The following is reprinted from a letter to Jewish Federation leaders across North America.
As you likely heard, we just returned from a special, twenty-four hour fly-in to Jerusalem to meet with Israel’s political, civic, and business leaders about the advancing legislation in the Knesset that would change the relationship between Israel’s legislative and executive branches on the one hand and their relationship with the independent judiciary on the other. We have written to you about this issue several times before, and we have also taken the unusual step of publishing an open letter to Prime Minister Netanyahu and Opposition Leader Lapid on this subject.
We were joined on the fly-in by thirty Federation lay and professional leaders from over twenty different communities, including Large, Large-Intermediate, and Intermediate-size Federations. We couldn’t have been prouder of this delegation, which reflected the tremendous leadership talent we have within our Jewish Federation system. Every single leader represented us with deep knowledge, empathy, and a sophisticated sense of how to impact a very difficult and complicated political situation.
Our delegation met with Israel’s most senior leaders, including President Isaac Herzog and Opposition Leader Yair Lapid, as well as with ministers and Members of Knesset who are at the center of the negotiations and debates; the latter include MK Simcha Rothman, who chairs the Knesset committee through which the judicial reform legislation is advancing. At the conclusion of the fly-in, we issued a joint statement on behalf of all the participants. We are grateful to all the government leaders who made time for us in their incredibly busy schedules. It was clear all day that they were engaged in intense discussions about this issue, and that meeting with us was part of the almost non-stop attention they were paying to it.
We were deeply moved by the fact that everyone with whom we met, on whatever side of the issue, thanked us for coming and appreciated how much we care about the future of Israel. It was not mere politeness, but genuine emotion. In one meeting, our colleague Erika Rudin-Luria, President of the Jewish Federation of Cleveland, told our speaker (who was strongly in favor of the reforms) that when Jews anywhere are in distress, “We show up. That’s who we are.” The speaker, expecting another in what has apparently been a long line of purely political meetings, was visibly touched. As we said in our Joint Statement, “We made this extraordinary trip to Israel to show our love for our Israeli brothers and sisters at this challenging time [and] we were welcomed with love.”
Everyone we met also emphasized the extreme seriousness of the moment we are in. One speaker who has spoken to American Jewish audiences for years said, “I have never given a speech like this.”

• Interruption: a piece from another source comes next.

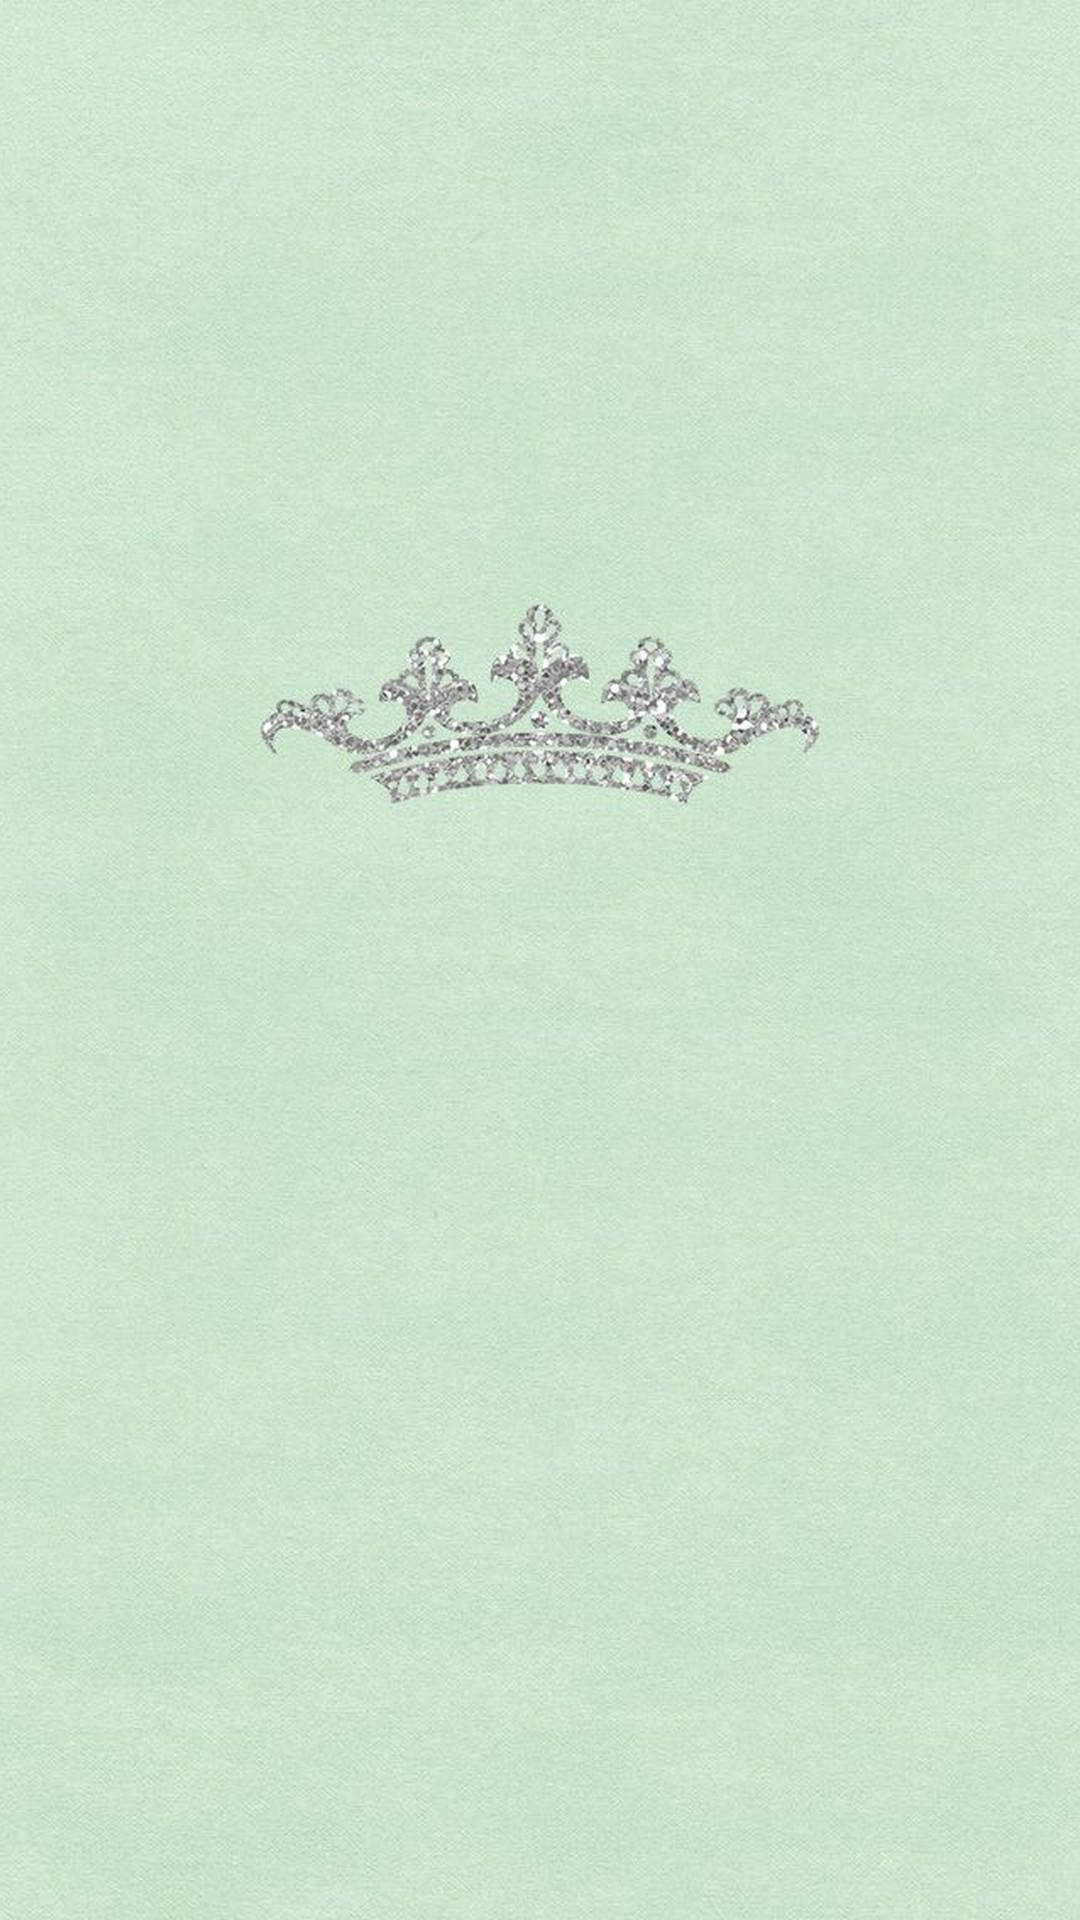 Elegant Royal Crown on Mint Green Backdrop Wallpaper
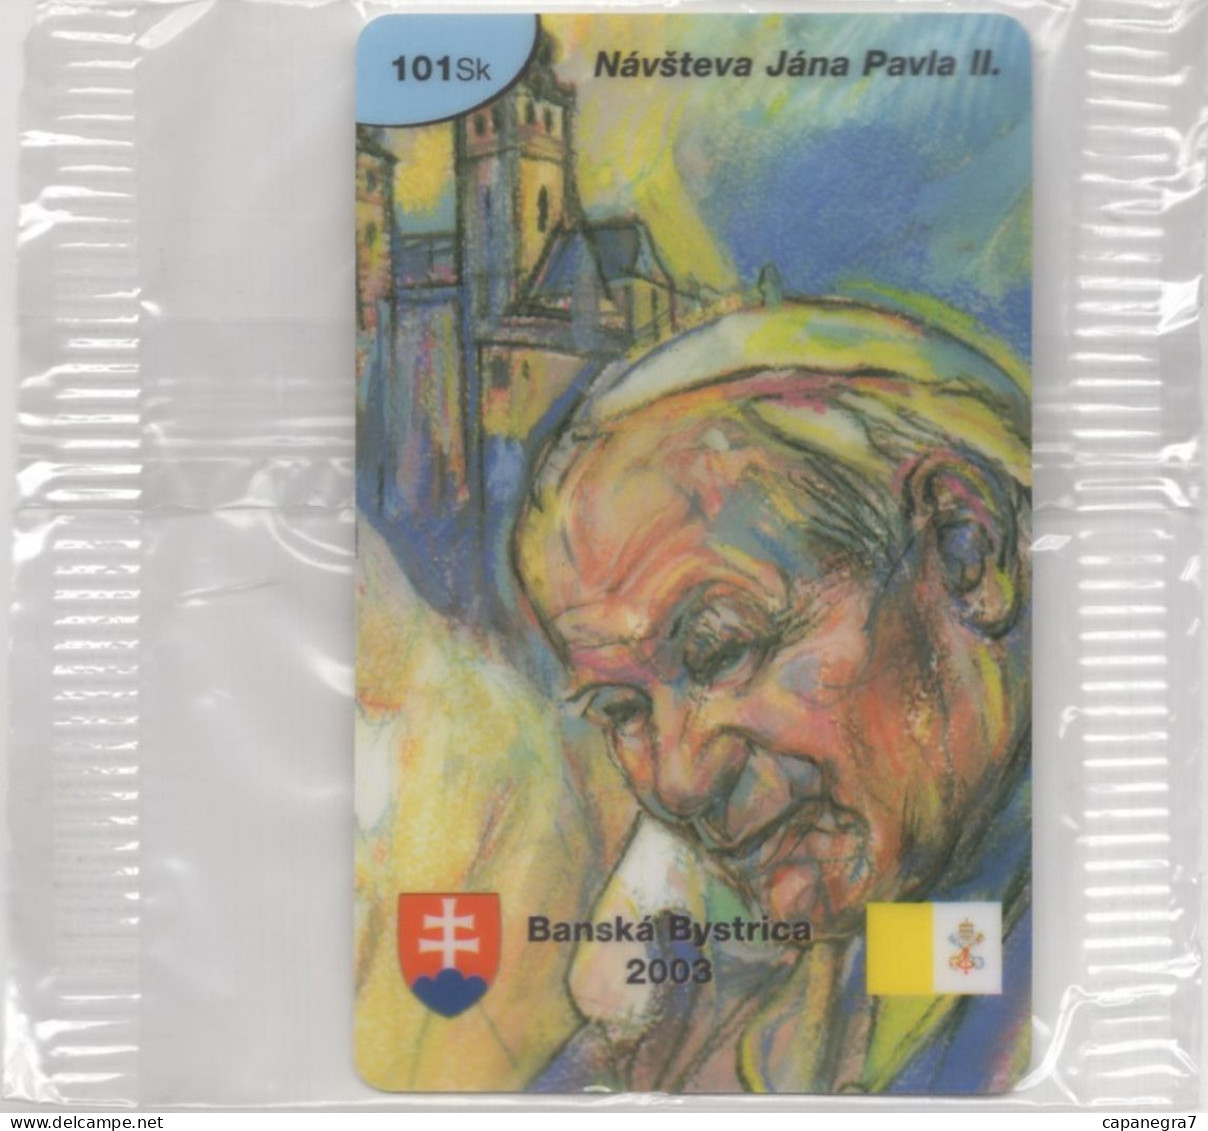 Pope John Paulu II. - Banská Bystica 2003, Prepaid Calling Card, 101 Sk., 1.250 Pc., GlobalIPhone, Slovak, Mint, Packed - Slovakia

Just as the fly-in was closing, President Herzog addressed the nation. The president began by saying, “The last few weeks have been tearing us apart. They are harming Israel’s economy, security, political ties, and—especially--Israeli cohesion. The family Shabbat meals have become an arena of struggle; friends and neighbors have become rivals. The conflicts are getting worse. The worries, the fears, the anxieties – they are all more tangible than ever.” He said that he recognized the desires of many for changes to the judicial system in Israel, and offered new proposals that he said would make needed changes without including provisions in the current legislation that many believe are destructive of democratic norms. (A summary of the proposal is here and the full proposal is here.)
Shortly after the president’s announcement, the governing coalition rejected his proposal, with Prime Minister Netanyahu saying that “key sections of the outline only perpetuate the existing situation and do not bring the required balance to the Israeli authorities.” See further details here. Those opposed to the reforms announced that they would continue their protests, with a third “Day of Disruption” on Thursday. See here for more.
We are so grateful for our dear President Herzog and were honored to have a chance to tell him so directly. He has demonstrated great courage, and we wish him continued strength in this process.
The bottom line is clear. There is a real issue in Israel regarding legislative versus judicial power that must be addressed, and there are real concerns that addressing these issues in the wrong way could fundamentally alter Israel’s Jewish, democratic character. Both sides need to listen, learn, and compromise. When a situation becomes so contentious, it is often hard for even obvious compromises to take shape. We are doing everything we can to encourage this process along. In so doing, we believe Federations are acting in the best traditions of Jewish communal leadership.
As we enter Shabbat back in our home communities, we pray for the peace and flourishing of our beloved State of Israel.